— Я — Кржечковский, Ян Эдмундов.
— Что вы здесь делали, господин Кржечковский?
— Об этом поговорим в тюрьме, как я догадываюсь? Сейчас прошу отметить лишь то, что все это сообщество я раньше не знал и не видел: вы загнали меня в одну кучу с гуляющими.
— Оружие есть?
Дзержинский полез в карман, достал браунинг. Офицер испуганно выбросил вперед руки, к нему кинулись жандармы.
— Что это вы такой пугливый? — усмехнулся Дзержинский и швырнул пистолет на землю. — Он не заряжен. И, по-моему, даже без бойка…
На железнодорожной станции арестантов загнали в угол зала ожидания для пассажиров первого класса: дамы в шляпах, мужчины в канотье, дети в кружевах, — все это замерло, когда ввели Дзержинского и его друзей. Все замерло, кроме мячика, который катился по кафельному полу, а следом за ним бежал малыш в матроске.
Дзержинский мячик поднял, ловко, как фокусник, завертел его на пальце, протянул мальчику, присев перед ним на корточки.
— Отойти от арестованного! — гаркнул жандарм.
А малыш ведь не понимает, что такое «арестованный», это мама его понимает, она к нему и бежит, хватает сына на руки, испуганно прижимает к себе, шепчет что-то на ухо, садится рядом с мужем, инженером-путейцем, испуганная, будто породистая наседка.
— Сынок, — сказал путеец, не отрываясь от газеты, — подойди к господину и скажи: «Большое вам спасибо».
— Казимеж, — прошептала женщина. — Что ты делаешь?!
Путеец, сложив газету, сунул ее в карман, поглядел на Дзержинского и повторил:
— Яцек, маленький, надо всегда благодарить тех, кто делает тебе добро. Ну-ка, умница моя, топай…

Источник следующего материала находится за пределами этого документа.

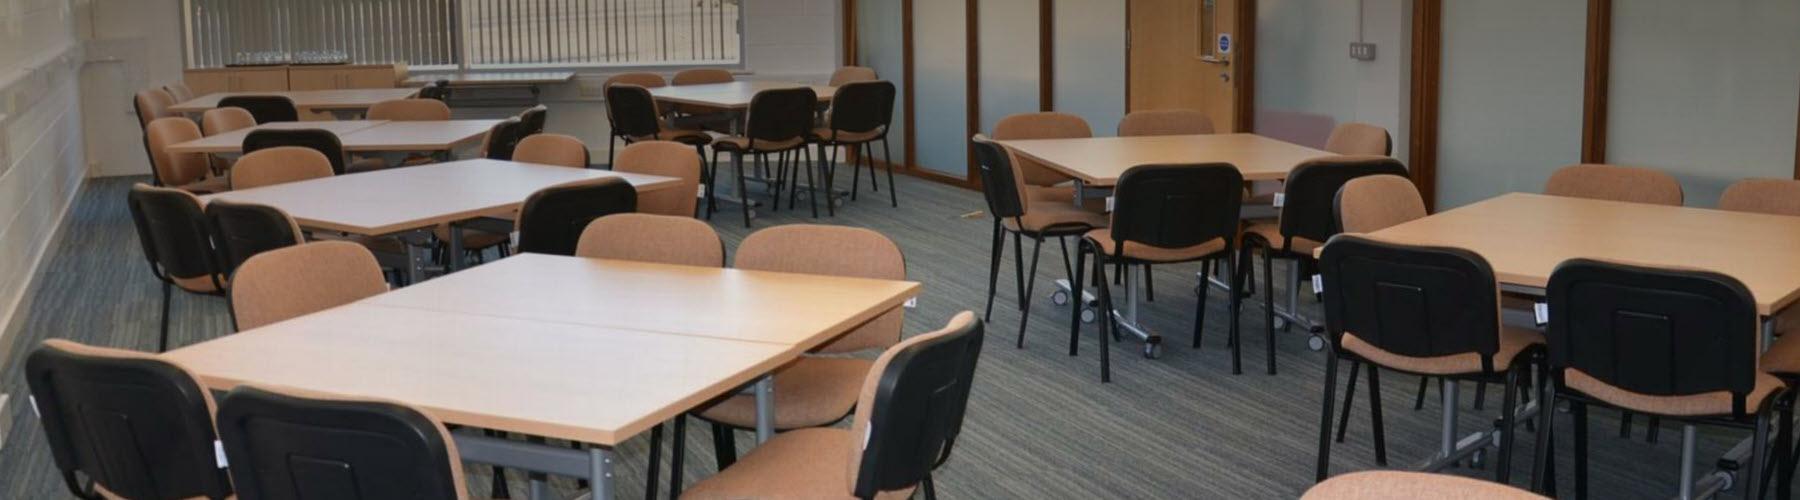 meeting room hire penwortham

Малыш подбежал к Дзержинскому, отодвинул толстую жандармскую ногу в деготном сапоге и сказал:
— Па-сибо бо-шое!
Жандарм растерянно оглянулся — к счастью, козыряя направо и налево, бежал офицер.
— Ой, какой масенький, — залепетал он, стараясь огладить белокурые, мягкие волосы ребенка, который отодвигался от офицера из-за того, что шпоры громко дзенькали, большие, игольчатые шпоры — они маленьким-то видней, чем взрослым. — Чей ребенок, господа?! Пожалуйста, возьмите дитя, нам надо пройти через зал.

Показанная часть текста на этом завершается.